Of course there will be the continual growth of Pudding & Chops, with new products and new campaigns to support it will be another exciting year, especially when we celebrate our one year anniversary – we can’t wait to share what’s in store. Alongside this Parents Life Ltd will have its official launch. A new site providing parents of the North West with information at their finger tips on days out, clubs and classes, competitions and reviews.
I hope in terms of the blogging side of things I continue to dabble in creating live videos and even branch into the odd vlog here and there. Watch this space (There’s nothing there at the moment – it’s all in working progress). I hope to meet more friendly blogging faces and definitely meet up for gin induced (blogging) sessions with Gemma (Life is Knutts) – it would be sacrilege not to indulge in some friendly gin drinking where we share parenting and blogs woes.

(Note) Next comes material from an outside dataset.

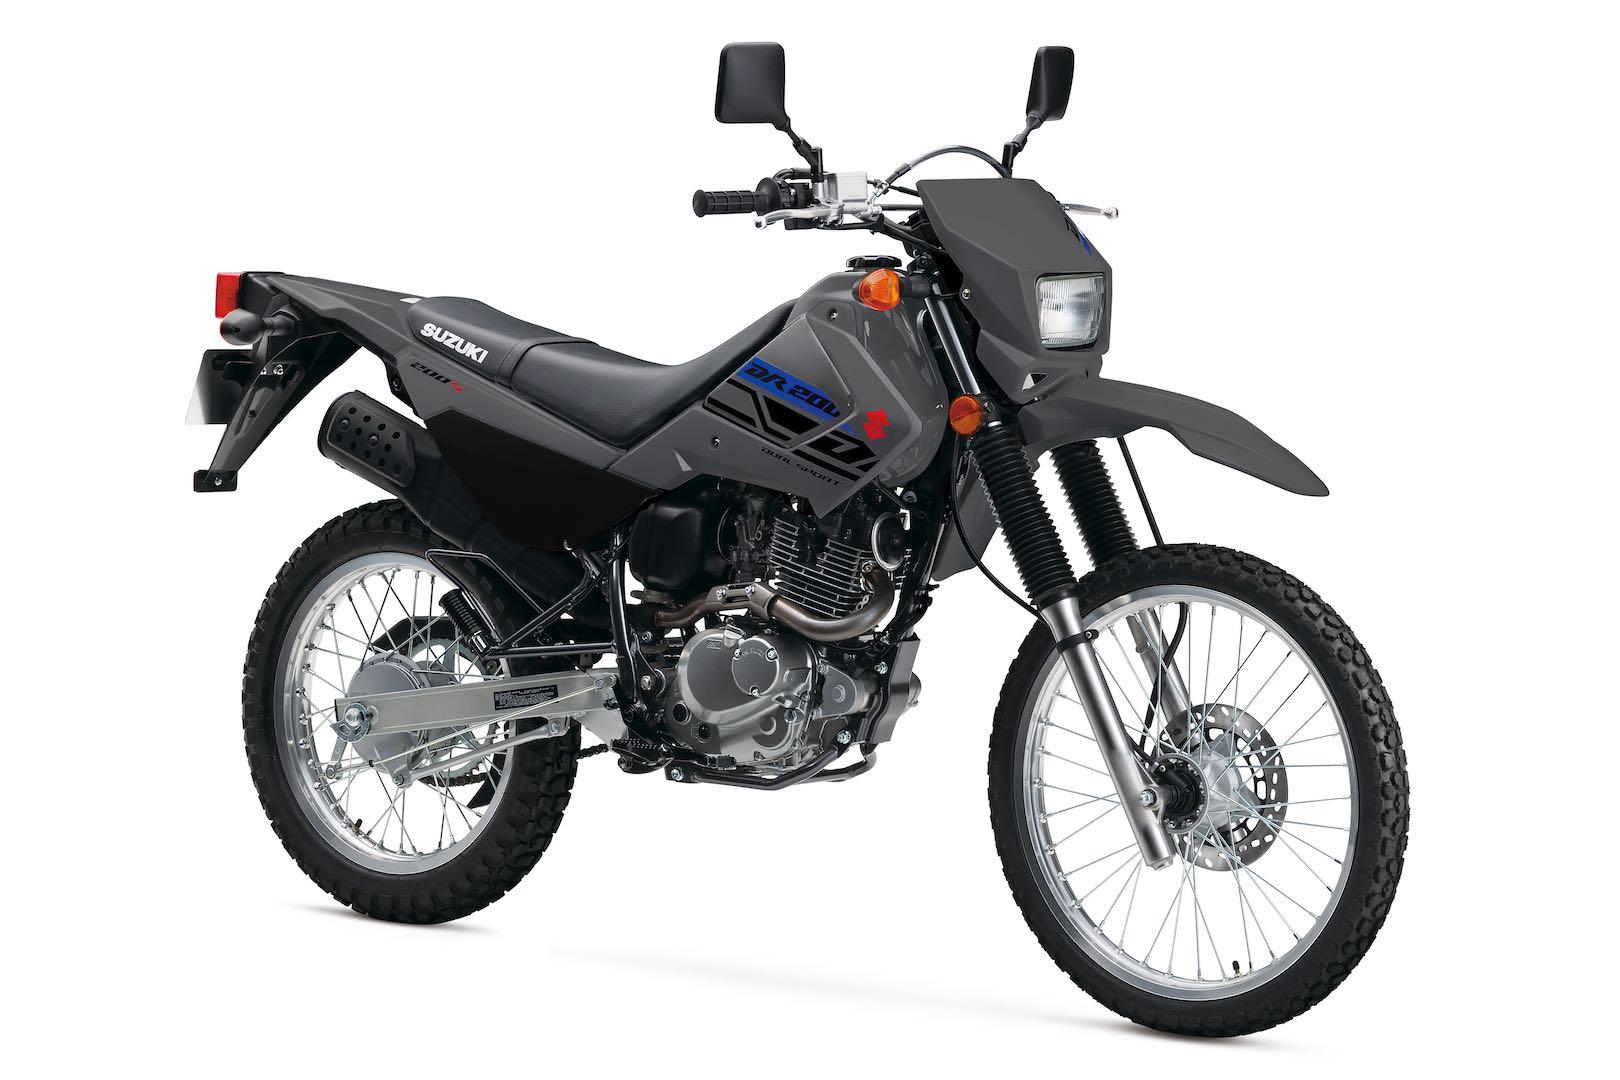 2020 Suzuki DR200S Buyer's Guide: Specs & Price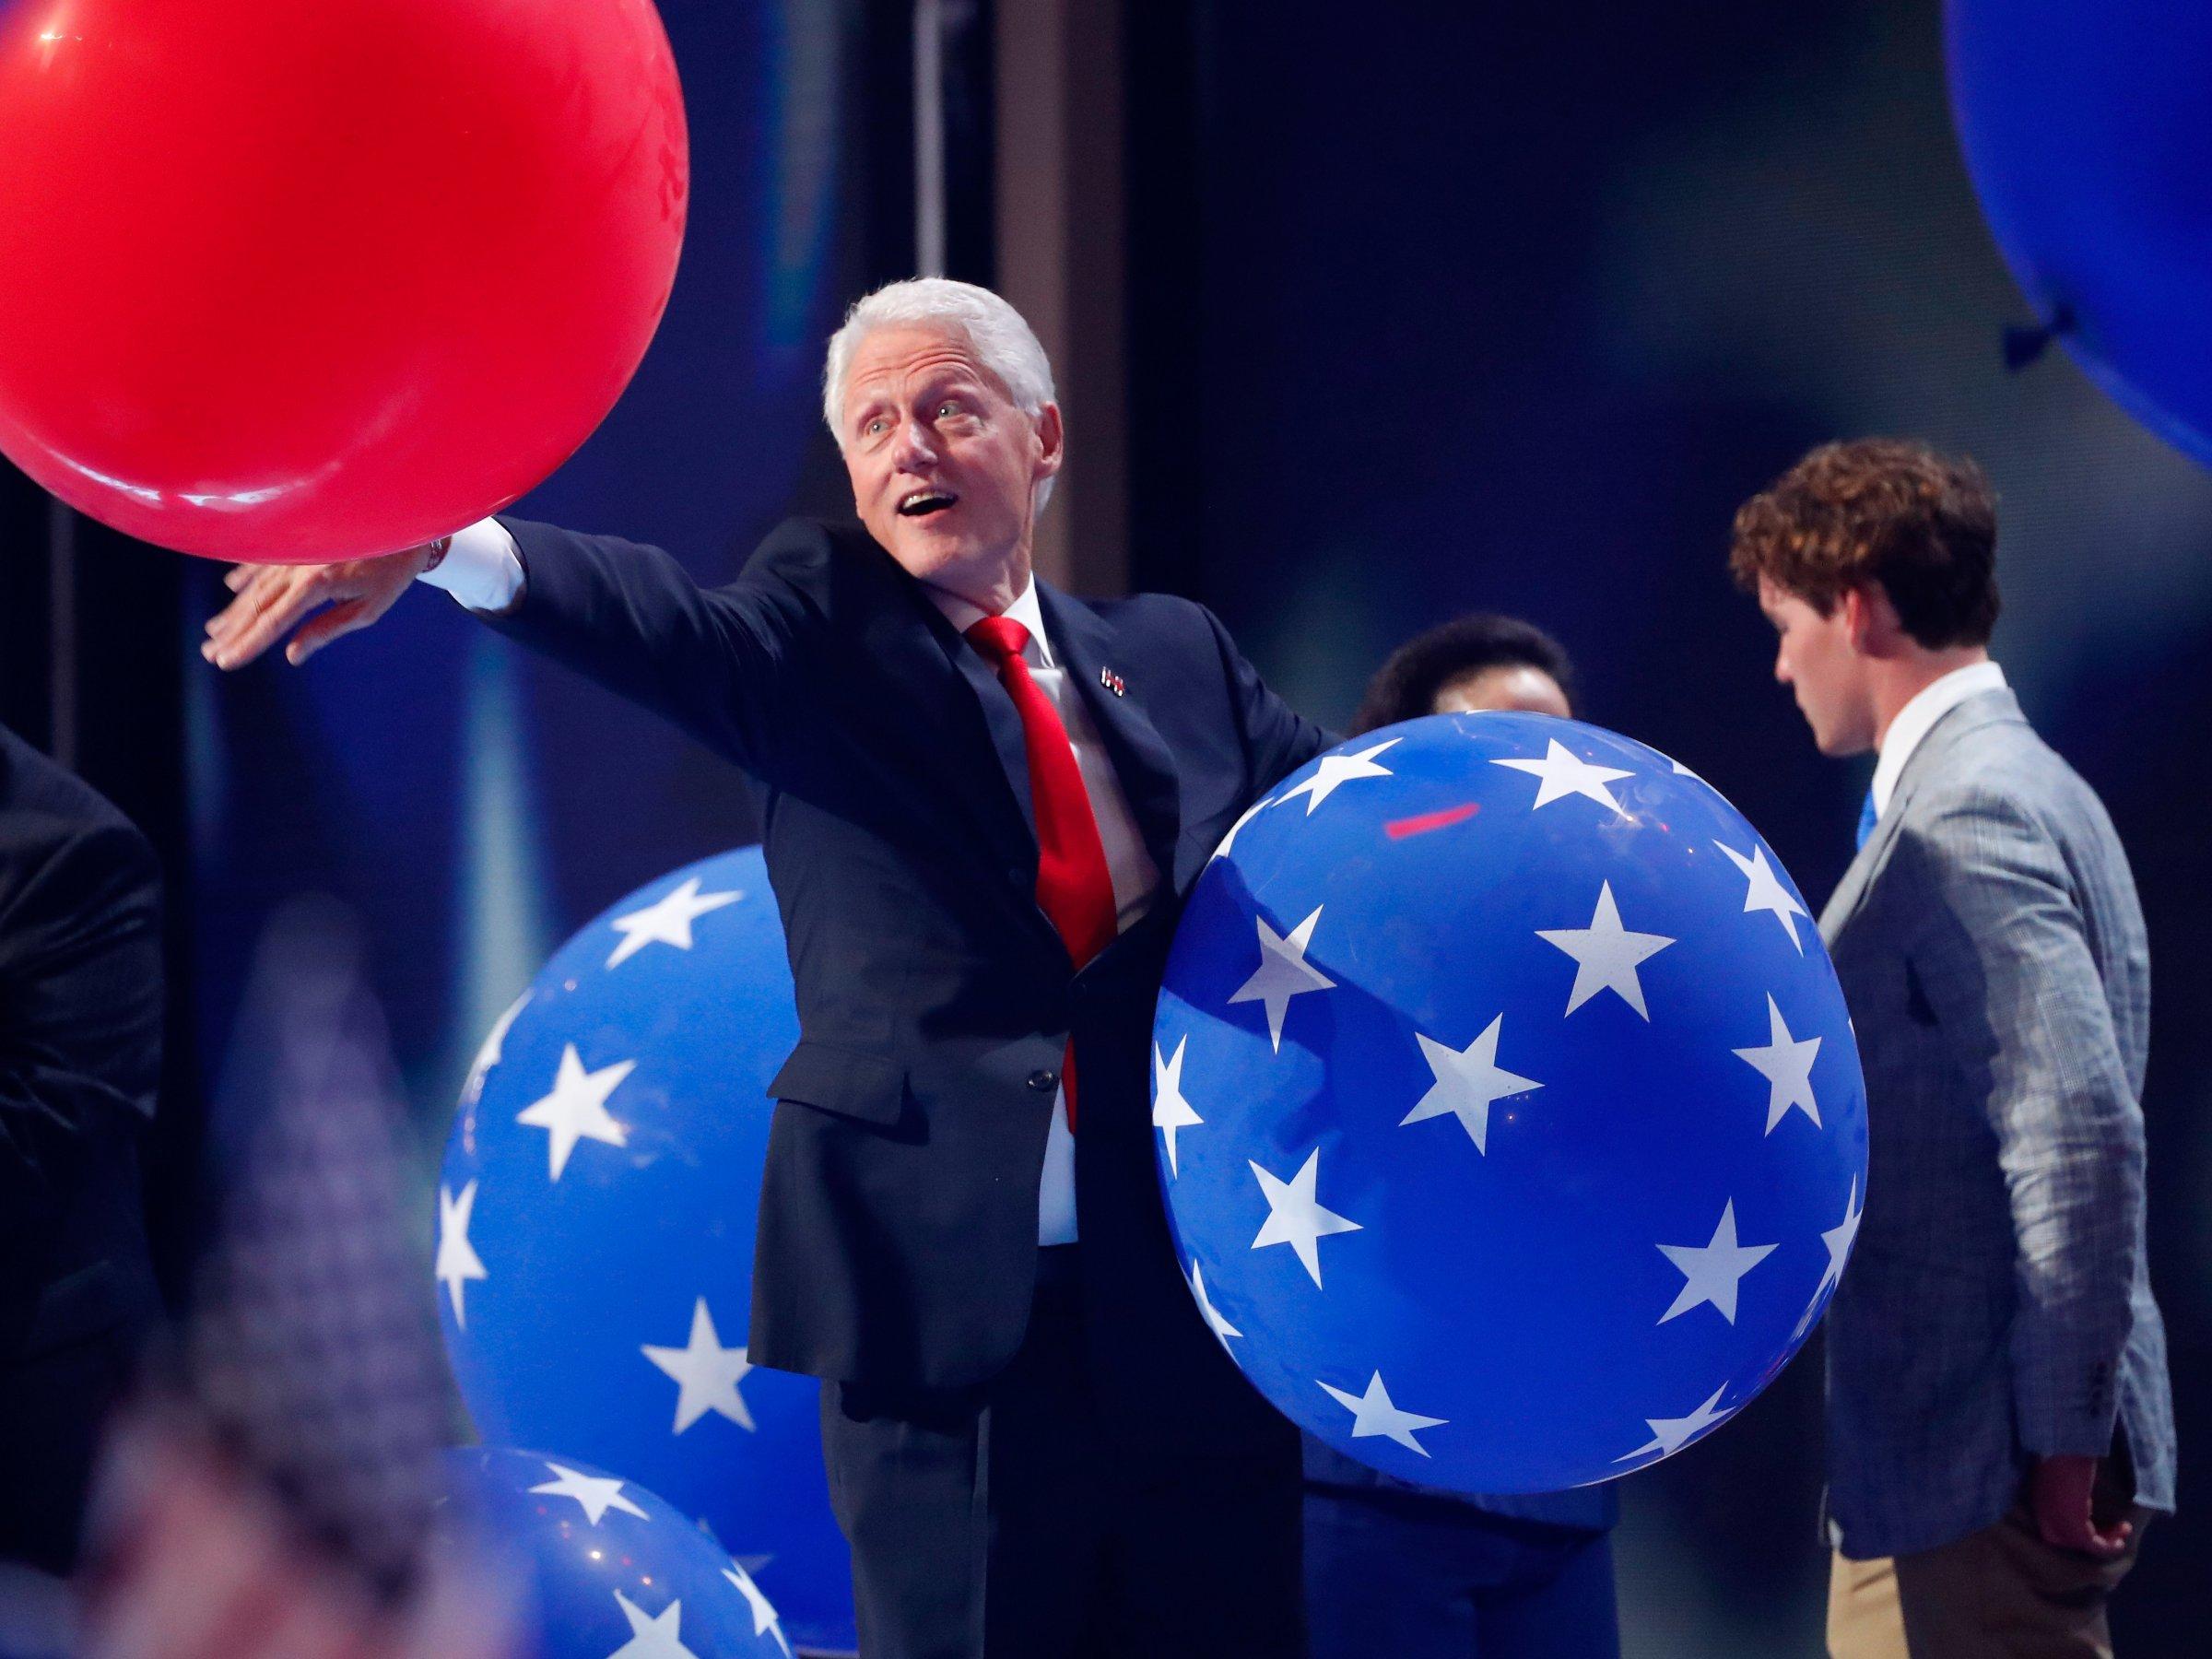 Bill Clinton's Ritzy Birthday Gala Is Mega $$ Fundraiser for Family Foundation [VIDEOS]

However a New Year does not mean I have to think there will be a parenting overhaul, there will still be tears and tantrums (from all of us), there will still be shitty pants to clean (not mine of course), mountains of laundry to wash and sleepless nights (hopefully less of them). There will still be bartering and bribing with treats and chocolates and many many exasperated moments where I will be driven to the bottle (of Prosecco) but I also know that there will be lots of laughter, many memories made and lots of challenges along the way….and of course many more selfies.
So whatever you are all doing to celebrate the entry of a New Year – have a good one, hope 2017 brings you more laughter, sleep and gin.
Thank you so much for following my waffle, it means to much to have you all as wonderful readers, I hope I have brought some laughter, solace and words of comfort/wisdom….whatever!